フランスはグループDでオランダ、チェコ、デンマークの死の組に入ったが、開催国オランダと共に早々に2連勝して、3戦目を残して突破を決めていた。結局3戦目はオランダに敗れて2勝1敗の2位通過で準々決勝に進出した。
試合
同じ2勝1敗で勝ち上がってきた両チームだが、その過程は好対照で、スペインは劇的勝利で勢いがあり、フランスは3戦目に主力を休ませて万全のコンディションで準々決勝を迎えた。試合は前半の立ち上がりからお互い一進一退が続いていたが、32分にジョルカエフがドリブルで切り込んだところを倒されて、ゴール正面やや左寄りのFKを獲得した。このFKをジダンが直接ゴール左上に蹴り込みフランスが先制点を挙げる。
反撃したいスペインは38分、自陣からパスを繋いでいき、アルフォンソがペナルティエリア内に走り込んできたムニテスにパスを出し、ムニテスがキープしたところをテュラムに足を引っかけられて倒されPKを獲得する。これをメンディエタが決めて同点に追いついた。すると今度はフランスが前半終了間際の44分、ヴィエラがドリブルで中央を突破して、走り込んできたジョルカエフにパスを出し、これをジョルカエフがゴール右上に突き刺し、再び勝ち越して前半を2-1で折り返した。

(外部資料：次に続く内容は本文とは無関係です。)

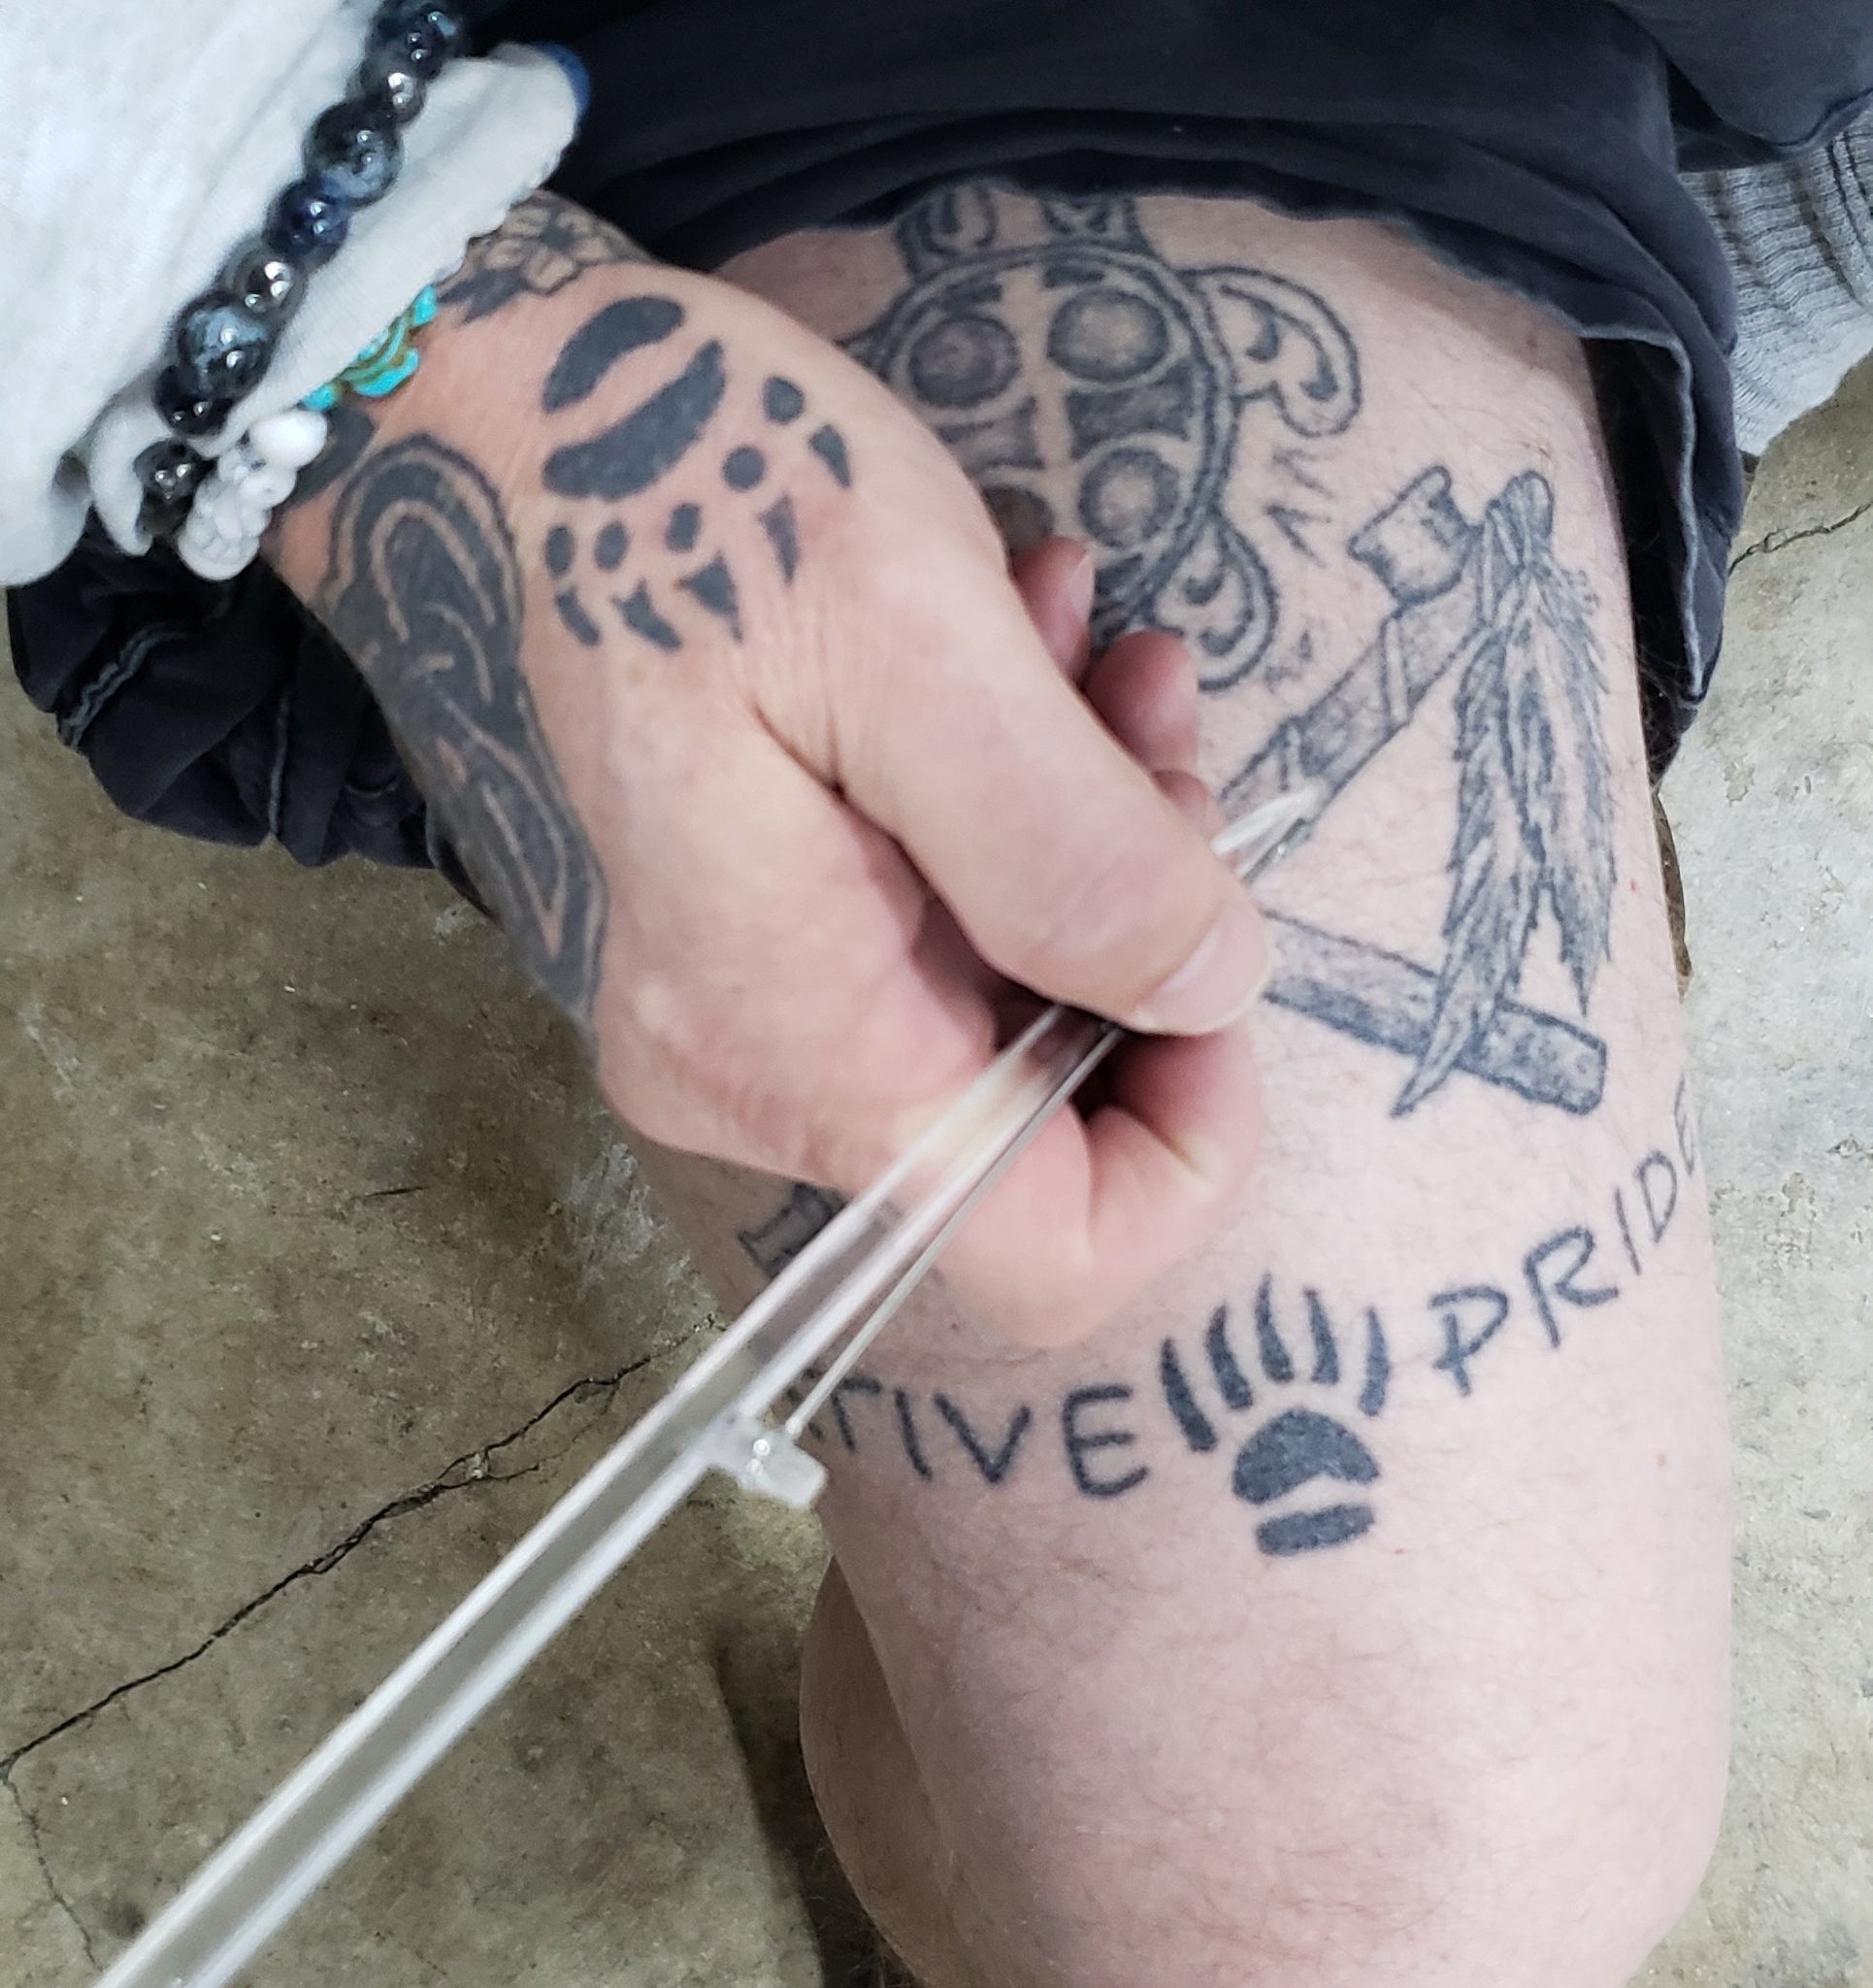 HAND POKE TATTOO KIT  Anarchy Tattoo Supplies

後半、まずは追いつきたいスペインだったが、前線からプレスをかける時とブロックをしっかり組む時のバランスがいいフランスのディフェンスに手こずり、チャンスはセットプレーぐらいしか掴めなかった。いたずらに時間だけが経過していった終了間際の89分、同点にする絶好機が到来した。右サイドでボールを受けたエチェベリアがクロスを放り込み、そのこぼれ球をテュラムがGKバルテズに頭で返そうとするがそれてしまい、バルテズが抑えに行ったところをアベラルドと接触して倒し、スペインにPKが与えられた。
PKを蹴るのはエース・ラウール。しかし蹴ったボールは無情にもクロバーをはるかに超えていってしまった。同点にする絶好の機会を逃したスペインはこのまま得点を奪えず、結局試合は2-1でフランスが勝ちポルトガルが待つベスト4に進出した。

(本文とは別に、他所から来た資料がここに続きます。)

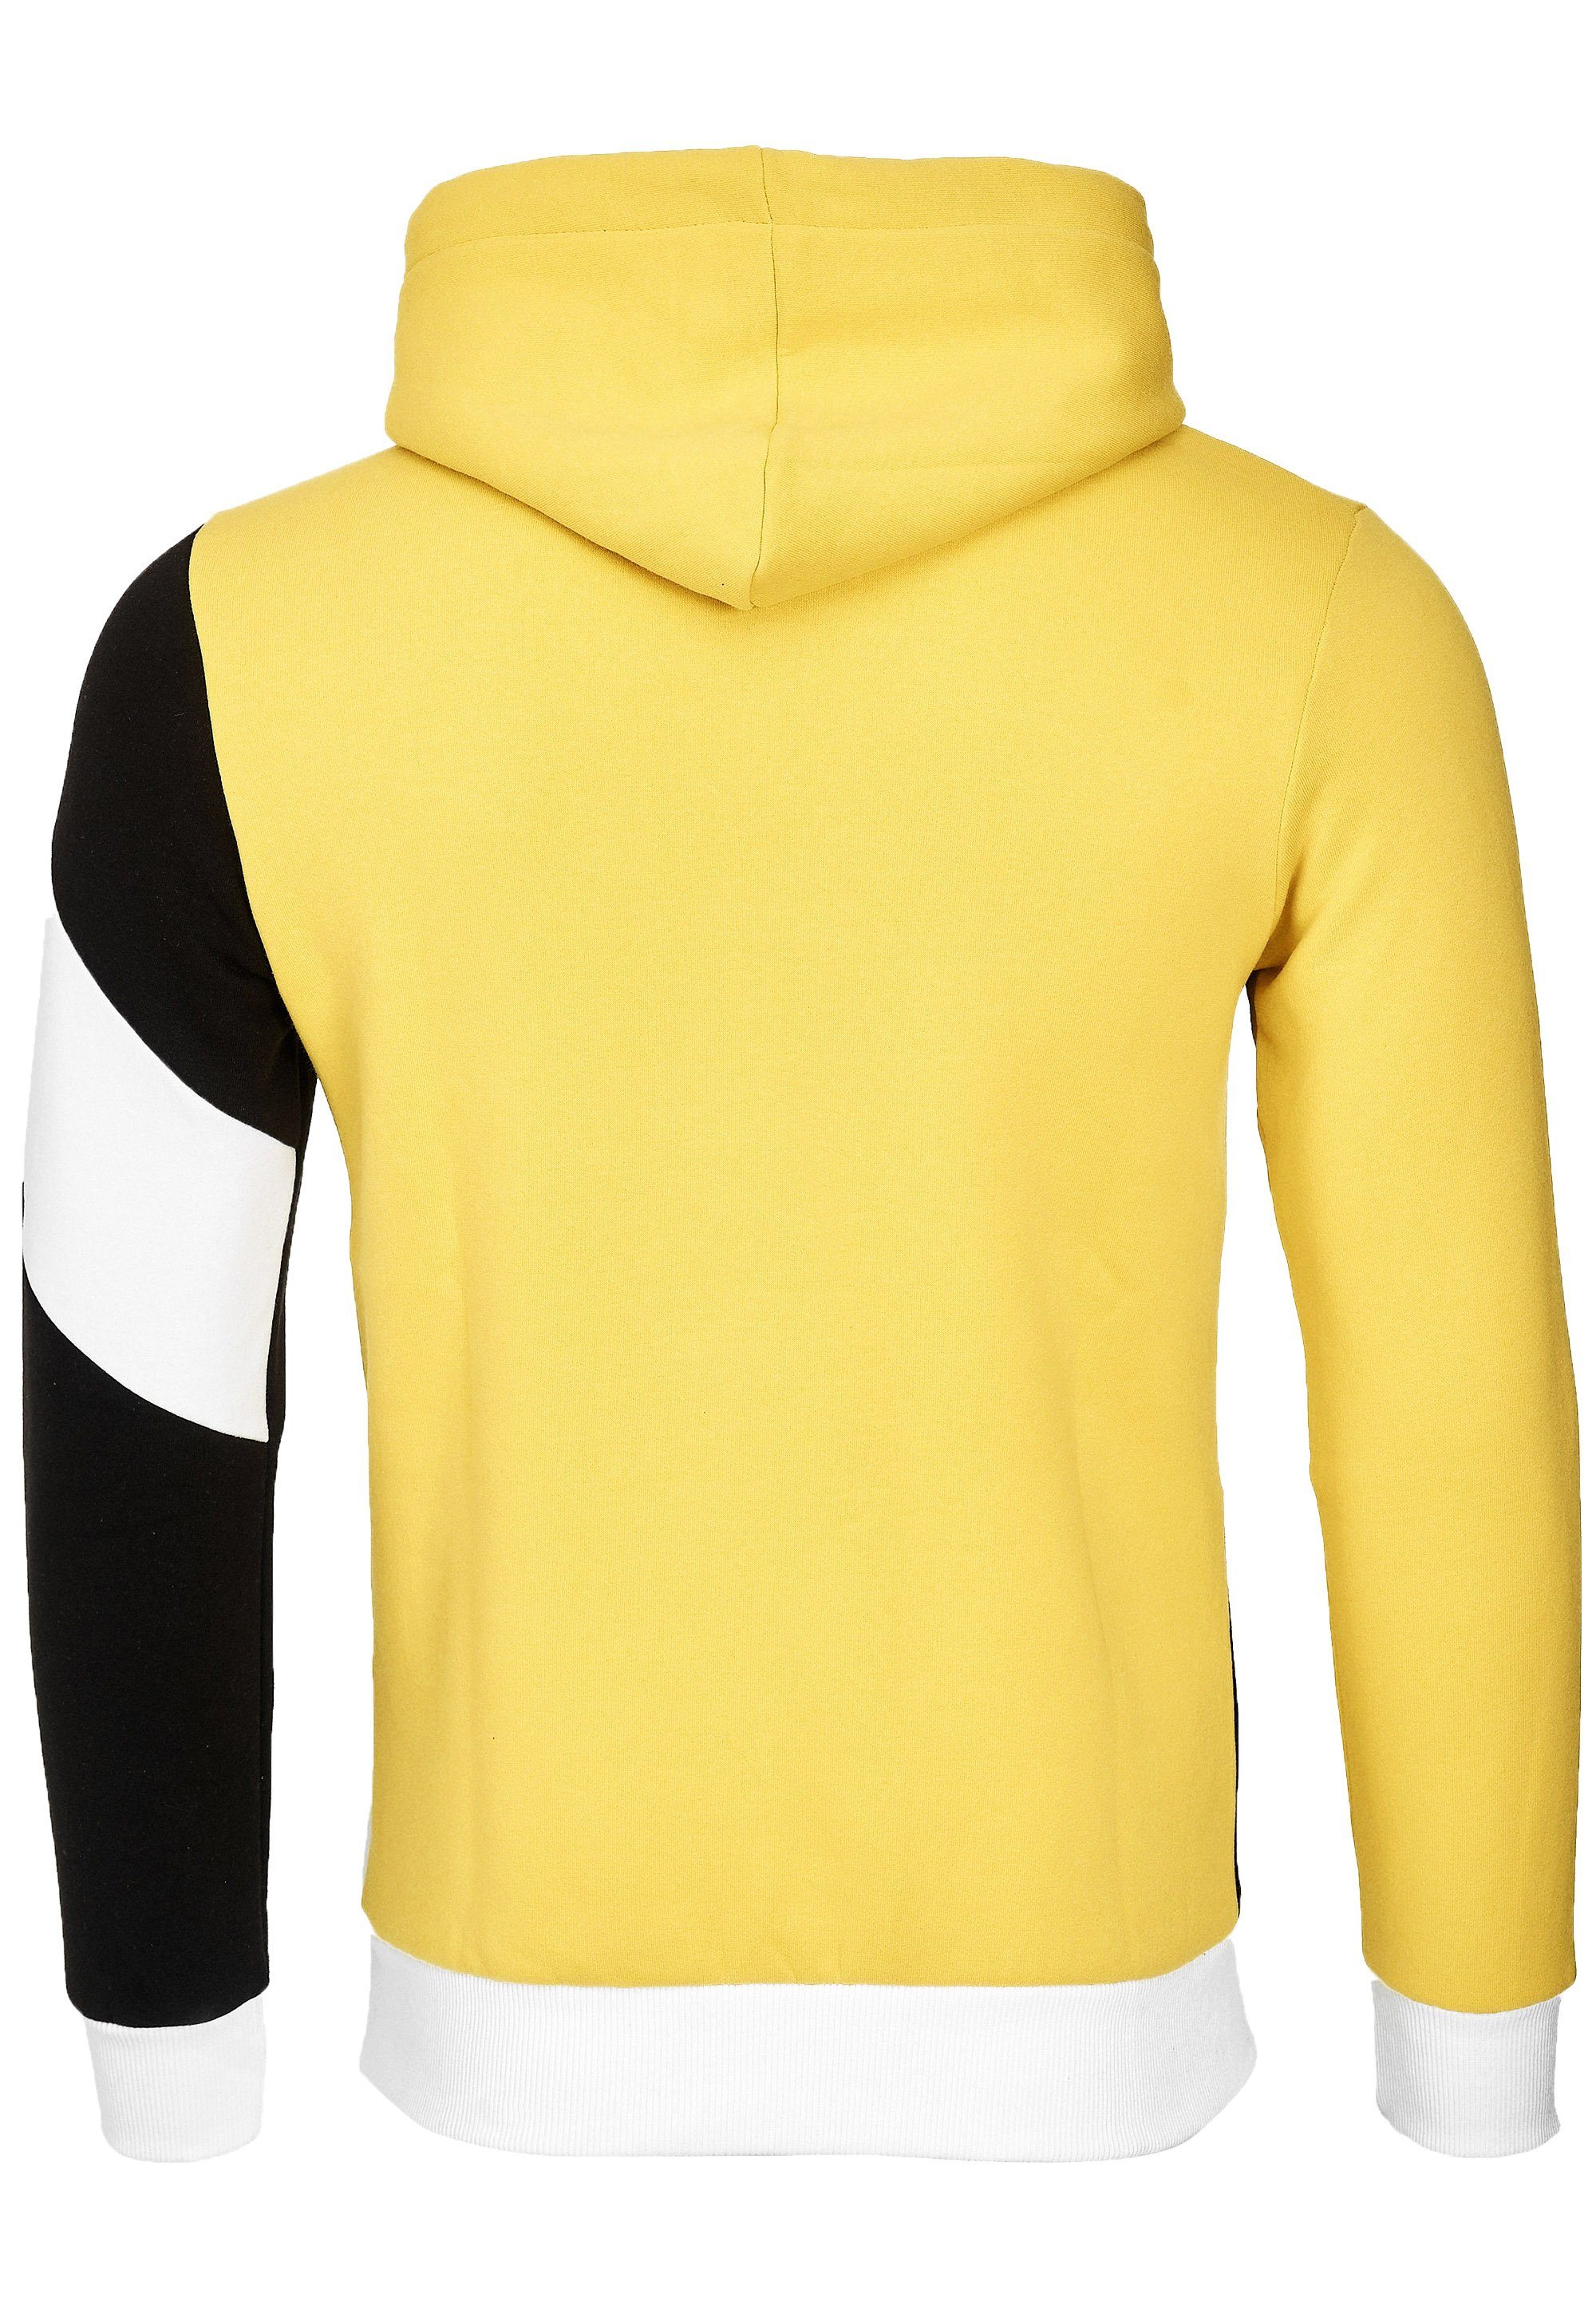 Rusty Neal Kapuzensweatshirt in sportlichem Design gelb-schwarz

試合後にグアルディオラとジダンがユニフォームの交換をして互いの健闘を称えあっていた。この2人に加えてデシャンの3人は、後に監督としても成功し名声を得ることになる。
その後の両国
ベスト8で敗退したスペインは引き続きカマーチョ監督のもと、次なる目標、日韓ワルードカップ出場を目指すことになった。一方、フランスはベスト4でポルトガルを破り、決勝でイタリアを延長ゴールデンゴールで下して2度目のEUROを制覇し、同時にワールドカップとEUROを連覇することになった。1998年から2000年頃はフランス黄金時代の真っただ中であり世界を席巻中であった。
出場選手(スペイン)
GK 1 S・カニサーレス 2000年のEUROに出場。
DF 2 M・サルガード 2000年のEUROに出場。
DF 5 アベラルド Ⓒ 1996年、2000年のEUROに出場。
DF 18 パコ 2000年のEUROに出場。
DF 3 A・アランサバル 2000年のEUROに出場。
MF 16 G・メンディエタ ▼57 2000年のEUROに出場。1990年代から2000年代前半のスペインを代表するミッドフィルダー。

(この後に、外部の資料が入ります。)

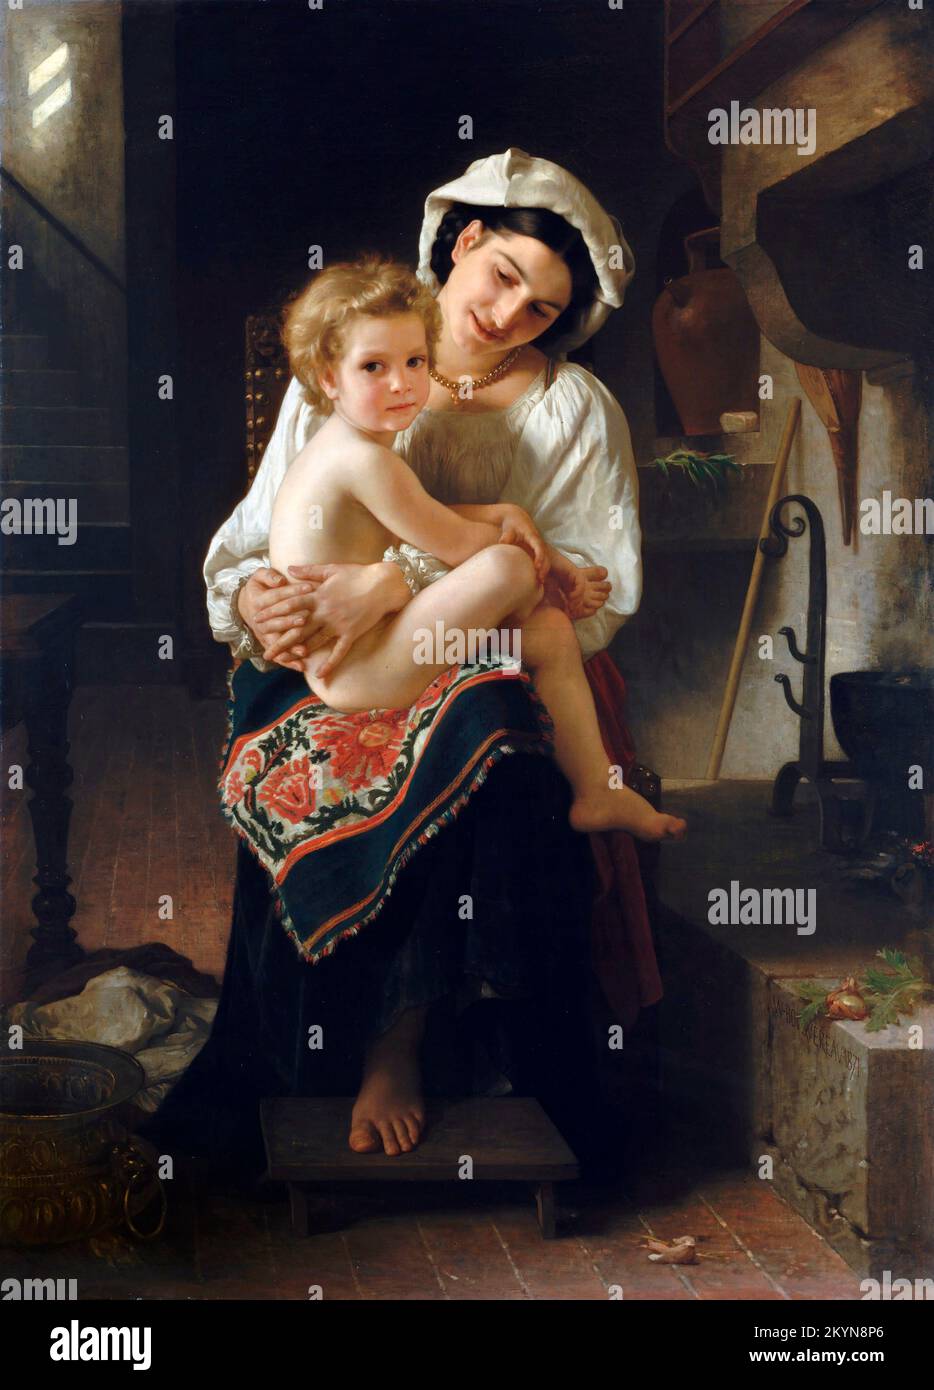 Jeune mère qui regarde son enfant par William-Adolphe Bouguereau (1825-1905), huile sur toile, 1871 Banque D'Images

MF 4 J・グアルディオラ 2000年にEUROに出場。1990年代から2000年代前半のスペインを代表する名ピボーテ。現在世界最高の監督の一人。メッシを選手として完成させ、数々のクラブで成功を収めている。
MF 7 I・エルゲラ ▼77 2002年、2004年のEUROに出場。
MF 9 P・ムニテス ▼73分 2000年のEUROに出場。
FW 11 アルフォンソ 1996年、2000年のEUROに出場。
FW 10 ラウール 2000年、20004年のEUROに出場。1990年代後半から2000年代のスペインを代表する史上最高のストライカーの一人。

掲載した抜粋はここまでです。